In a report by the Manila Standard, a draft business plan to determine prospective areas for several banks, particularly the Asian Development Bank (ADB), the International Finance Corp. (IFC) and the World Bank (WB) to invest in was released.
The funding proposal, which is currently subject to consultations, includes a strategic $500 million in CIF-ACT, a $1.336 billion leverage in multilateral development bank co-financing, and an additional $830 million allocated in other co-financing implementing investments for expediting energy transition in accordance with a thorough coal phase-down approach.
The proposal is designed to resolve associated challenges in terms of energy transition, people and communities, land, and infrastructure.

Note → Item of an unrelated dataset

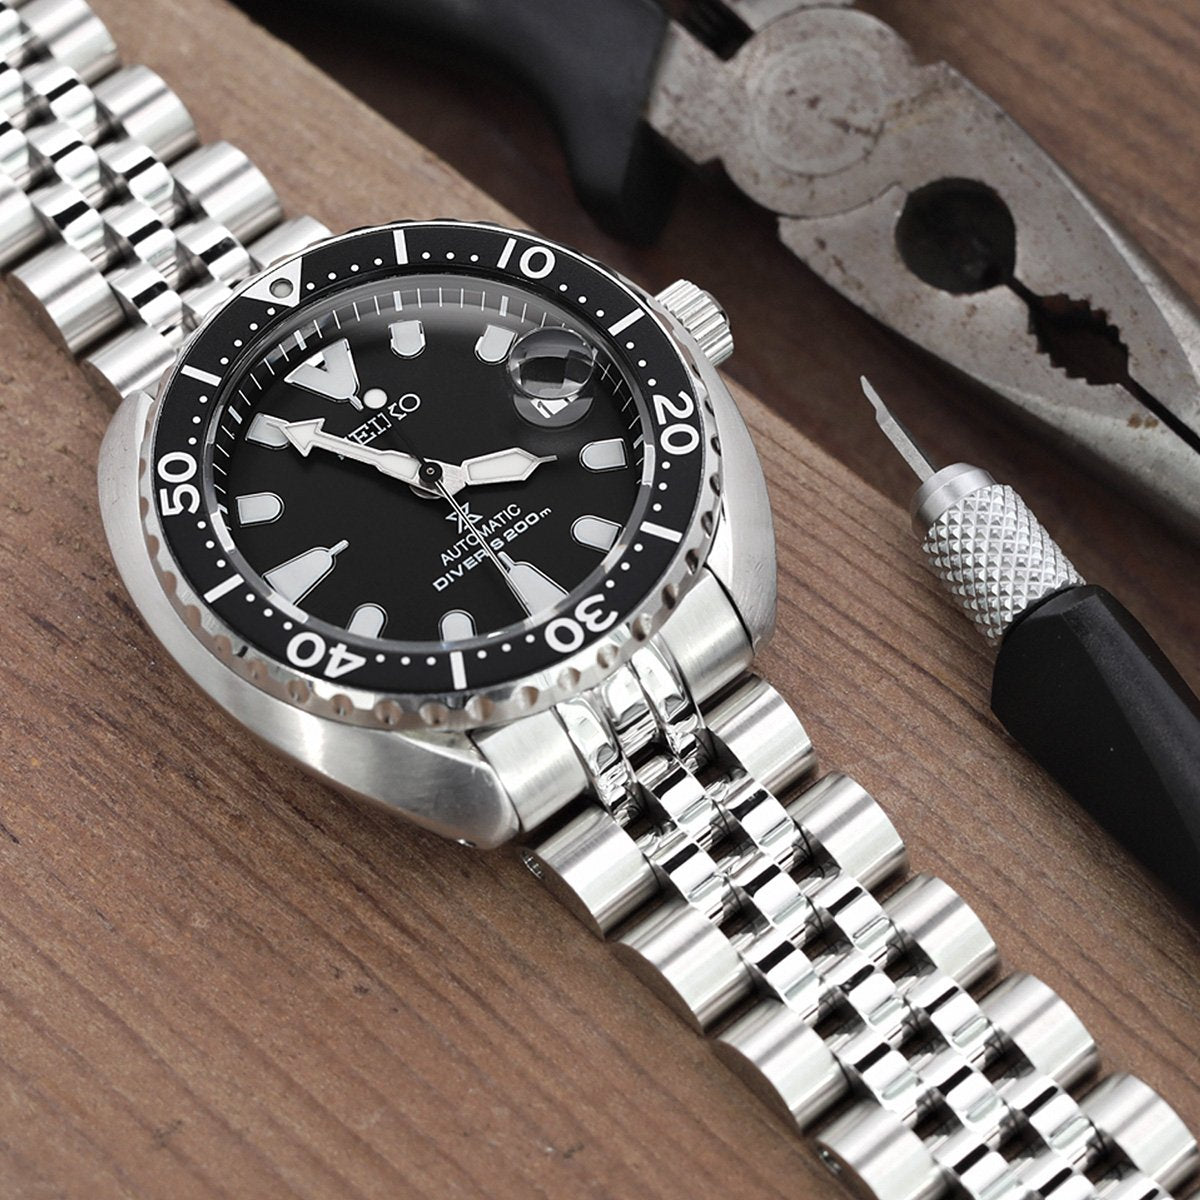 Seiko Mini-Turtle Prospex Automatic Dive Watch with Black Dial SRPC35K1 Strapcode Watch Bands

Earlier, coal accounted for major increases in carbon emissions in the country, with 44 percent of the total installed generation capacity, 60 percent of the total generation, and 55.4 percent of the country’s total emissions by fuel type last year.
The report also mentioned the average life of coal-fired power plants ranging from 12 to 13 years, which could hinder efforts for the renewable energy transition goals of the country.
Meanwhile, the country committed to a 75-percent reduction in greenhouse gas (GHG) emissions from 2020-2030, under its enhanced Nationally Determined Contribution (NDC) in the Paris Agreement.